Anki’s smile overpowered her face. She had a look like . . .
“Someday soon, Anki?”
“Sooner rather than later.”
“Really?”
“That is all you are going to get out of me.”
Could it be? Oh, Cornelia prayed it was so. Piet and Anki had longed for a child since the first day of their marriage. Four years later, perhaps God had answered those prayers.
They walked in silence for a while before Anki broke the quiet. “Did you see Frou de Bruin this morning at the tsjerke?”
Cornelia shook her head. “Nee. I should go and see her after service this afternoon. Her gout must be giving her trouble. I am sure she will give me all the details.”
Anki chuckled. “I’m sure she will. And you will listen and nod in the appropriate places and make her feel better.”
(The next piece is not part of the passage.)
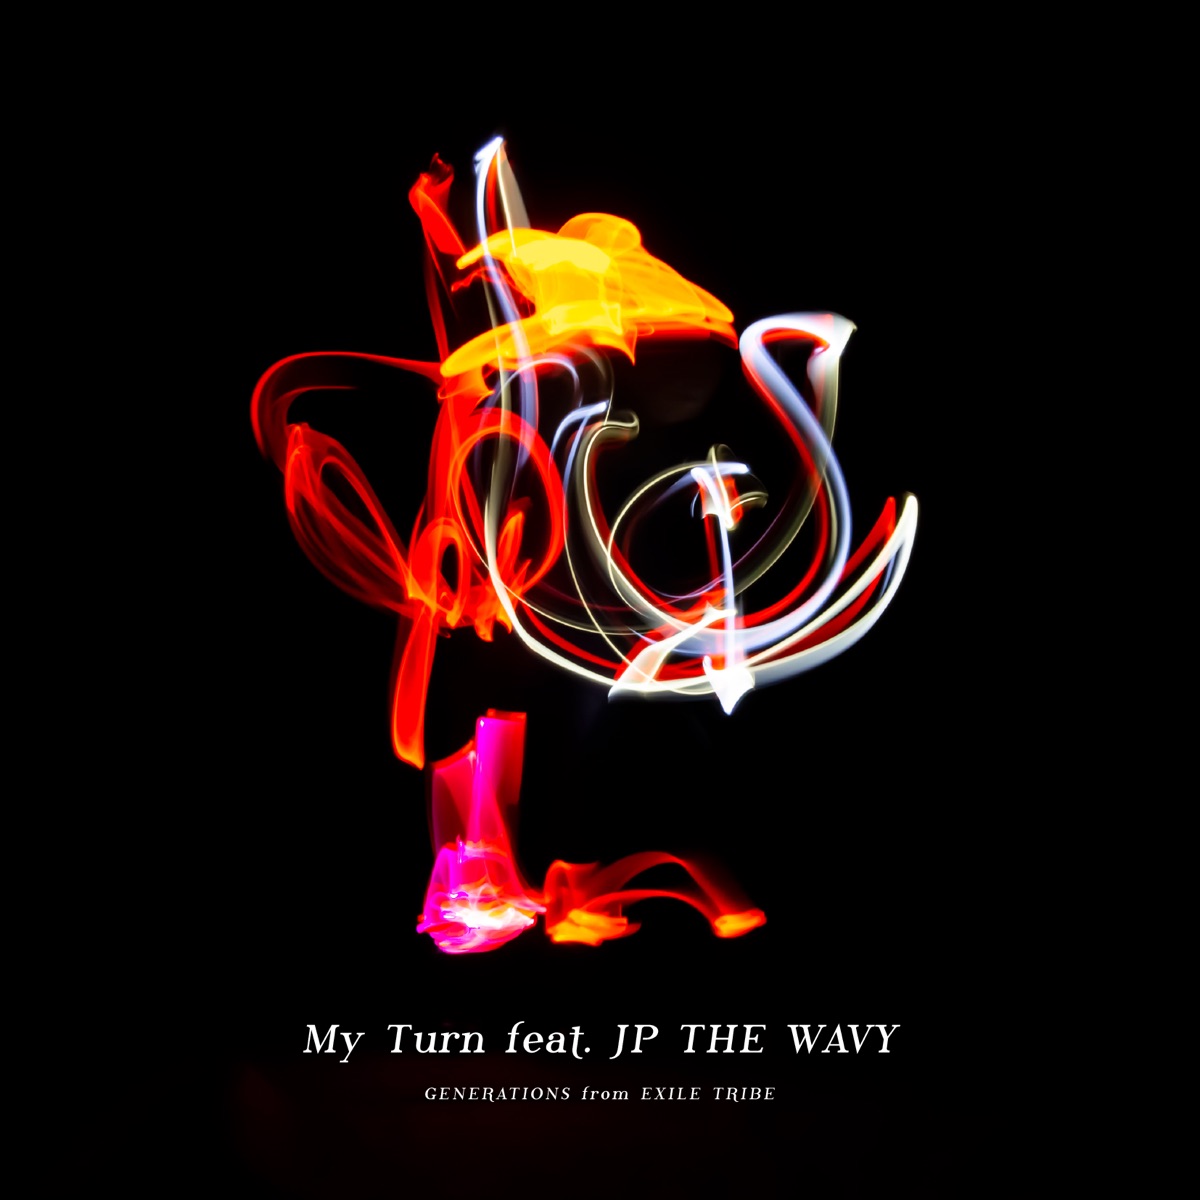 『GENERATIONS - My Turn feat. JP THE WAVY』収録の『My Turn feat. JP THE WAVY』ジャケット

“Of course. That’s how I keep my job, by agreeing to all she says.” Cornelia stopped in front of the tailor-shop window. The dark blue door had been locked for many months now because of a shortage of cloth.
Anki leaned next to her, the sides of their heads touching. “Will we ever be free? Will the Allies ever get here?”
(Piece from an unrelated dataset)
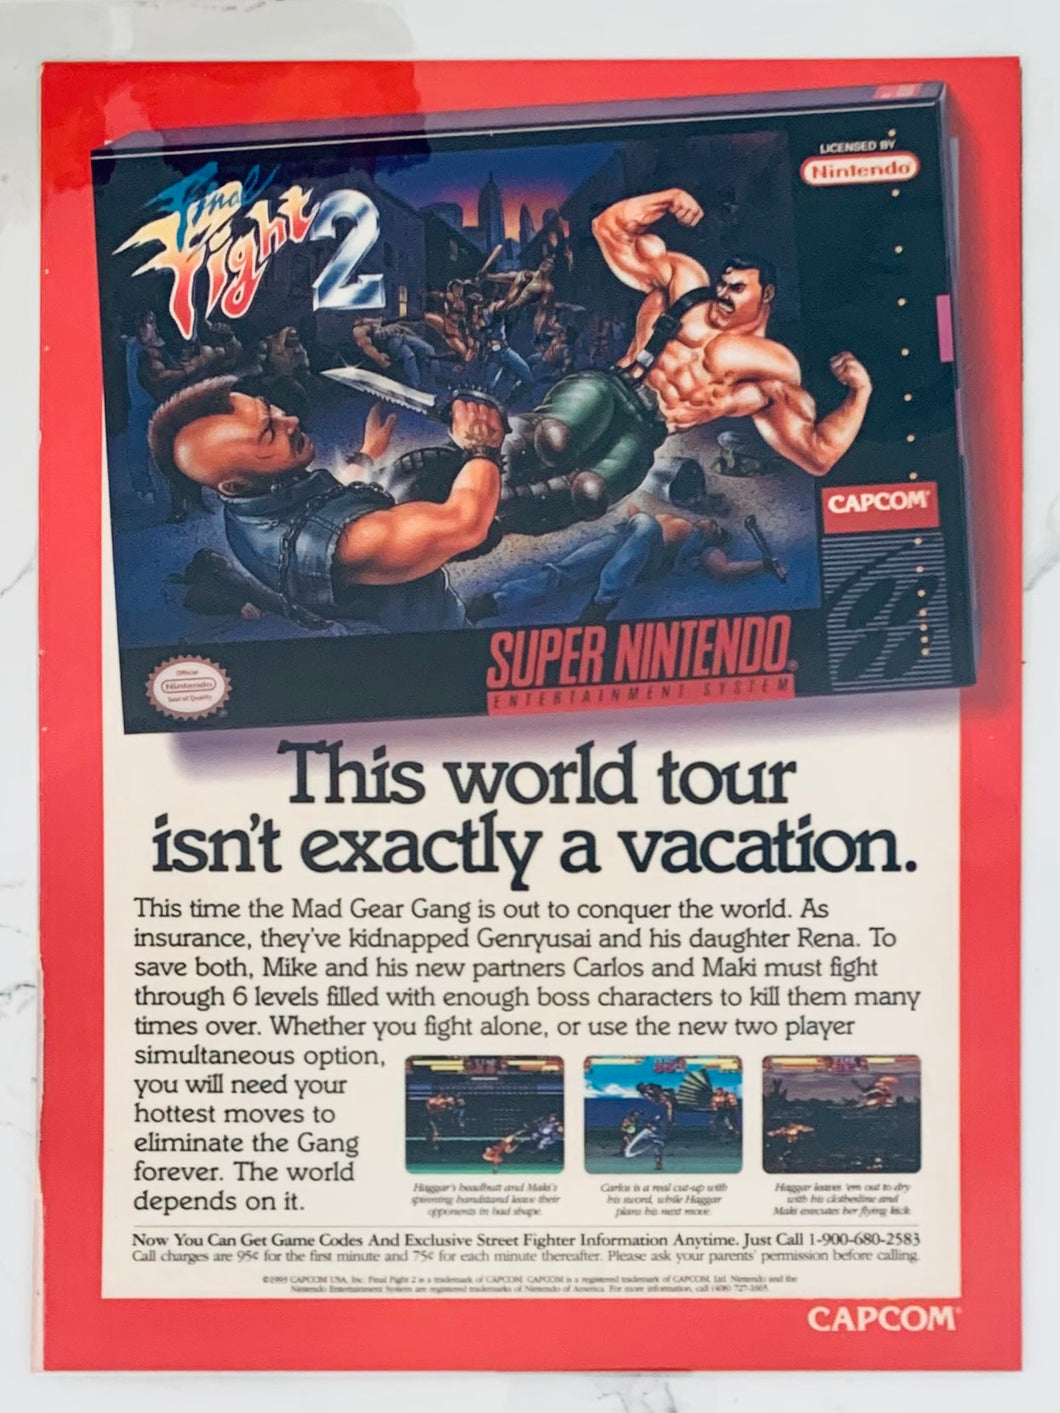 Final Fight II - SNES - Original Vintage Advertisement - Print Ads - Laminated A4 Poster

Cornelia lowered her voice. “The Boonstras have a secret radio. They told me this morning the queen is making plans for a new government once liberation comes. If the queen is that optimistic, perhaps she knows something we don’t. But I agree—it’s a distant dream.”
They stood silent under the tailor’s green-striped awning as the cold drizzle began again.
“So what did you want to talk to me about? I am sure it wasn’t Frou de Bruin’s gout.”
Cornelia watched the rain drip from the gray sky. “They came back today while I was at church.”
“The Gestapo?”
Cornelia nodded.
“Not surprising.”
“Our little drunk ruse worked again. The same soldier who shot Gerrit was there and saw him. By God’s grace alone, he didn’t turn in Gerrit. I could have been arrested. We both should have been.”
“Corrie, you have to get that man out of your house, especially with Johan home. Both of you will end up in prison. Or worse. And now Johan is involved in this clandestine work.”
Cornelia massaged her hands together. “And he is still not home. I don’t know. Gerrit said he is waiting until dark to brave the streets.” Icy cold hands gripped her stomach.
Out of the corner of her eye, she glimpsed three NSBers patrolling the street, huddled in their black coats. She and Anki stood in silence as they approached. Cornelia shrank back and averted her gaze, her hands shaking as they passed and turned the corner at the next block.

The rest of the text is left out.